From this article at WTOP:



> Passenger shaming a hit online
> 
> Just when airline passengers thought reclined seats were their biggest concern, a new social media trend is pointing out some of the worst passenger habits.
> It's called "Passenger Shaming" and the trend online captures airline passengers' disgusting and rude habits. Some images show people who have propped their bare feet on tray tables, men who have opted to remove their shirts midflight and travelers who have ditched diapers, dentures and wigs.
> ...


I don't use facebook or twitter, but maybe Amtrak needs its own pages for this?

For example I was on a train going into CHI last October and a pax was told to sit down by a conductor and didn't...
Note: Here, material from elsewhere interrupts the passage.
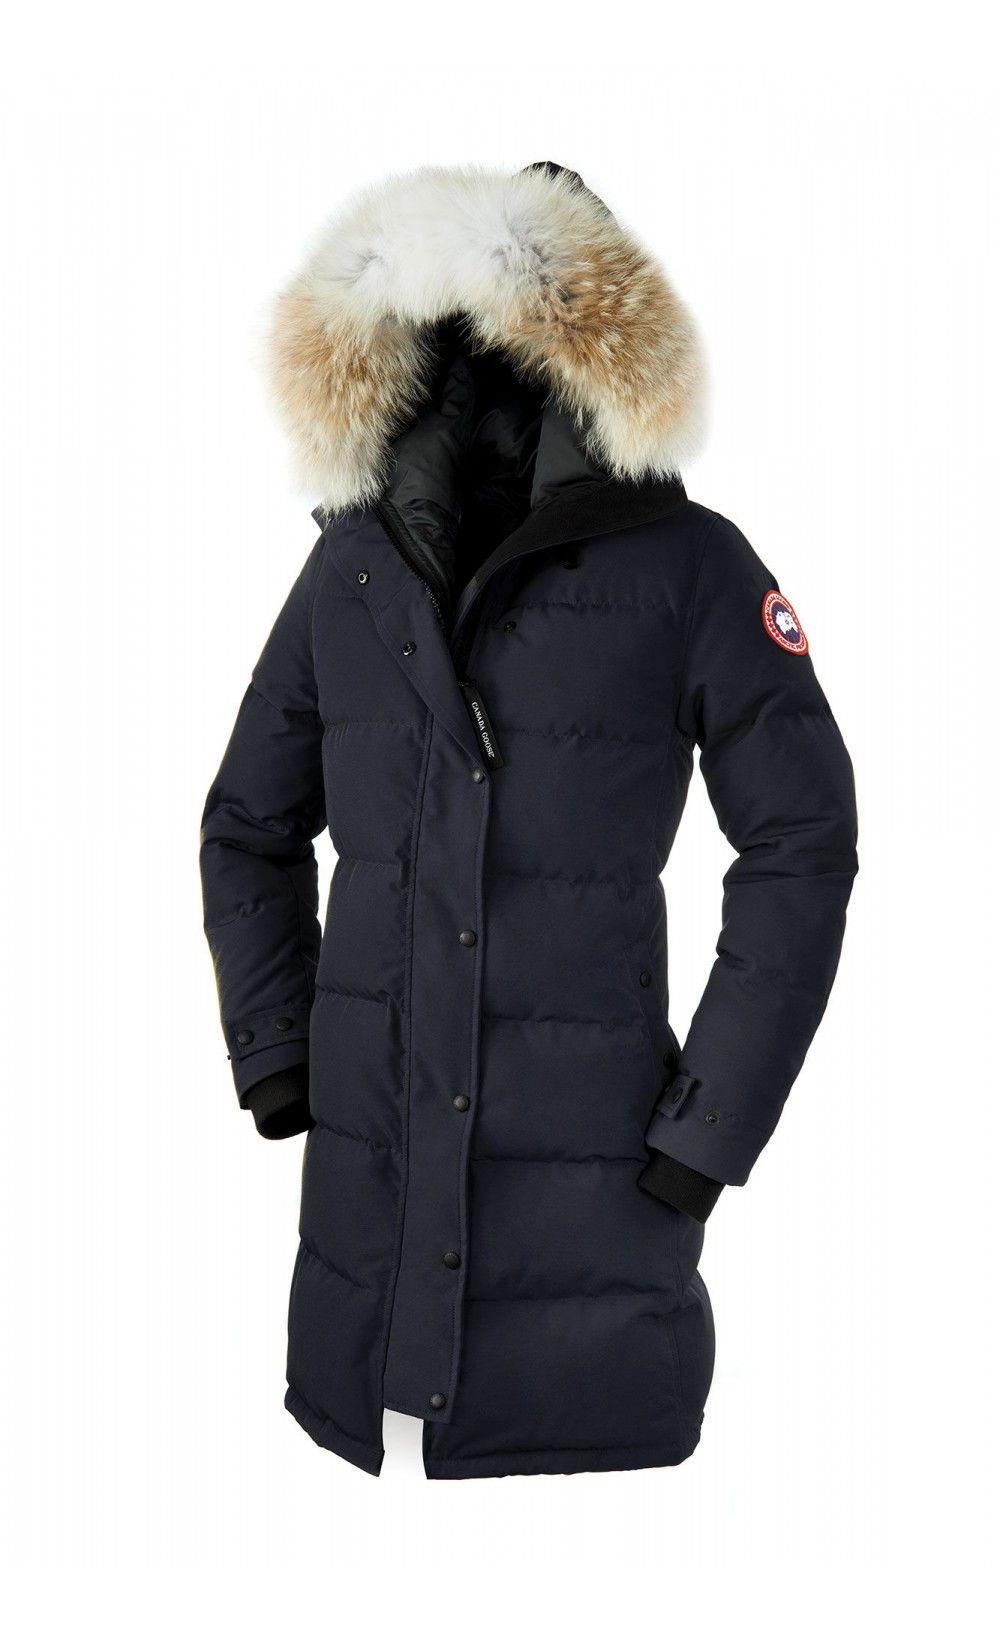 c761c5a76ba8 Canada Goose Shelburne Parka Navy Women - Canada Goose  canadagoose  women   parka  jacket  winter  newyear  gifts  fashion  lifestyle

Oh wait.... h34r: :blush: h34r:


----------



## Devil's Advocate (Sep 17, 2014)

How can it be passenger shaming if the passenger in question isn't shown in the picture? Some of the shaming videos I've seen in the past look like someone's mocking a mental deficiency or chemical imbalance. I'm a cynical guy with thick skin but I still feel bad for people who have the misfortune of experiencing some sort of mental breakdown in public, especially if it's due to circumstances beyond their control. That being said I have absolutely no problem shaming people who act obnoxious as a result of an inflated ego, starved conscience, or drug induced stupidity. Most of my trips have been pretty uneventful but there have been a few passengers who really tested me with severe body oder or antisocial behavior or extreme levels of noise or making derogatory comments about other races and such. Perhaps if those folks were aware that public shaming was a possibility they'd rethink their attitude?


----------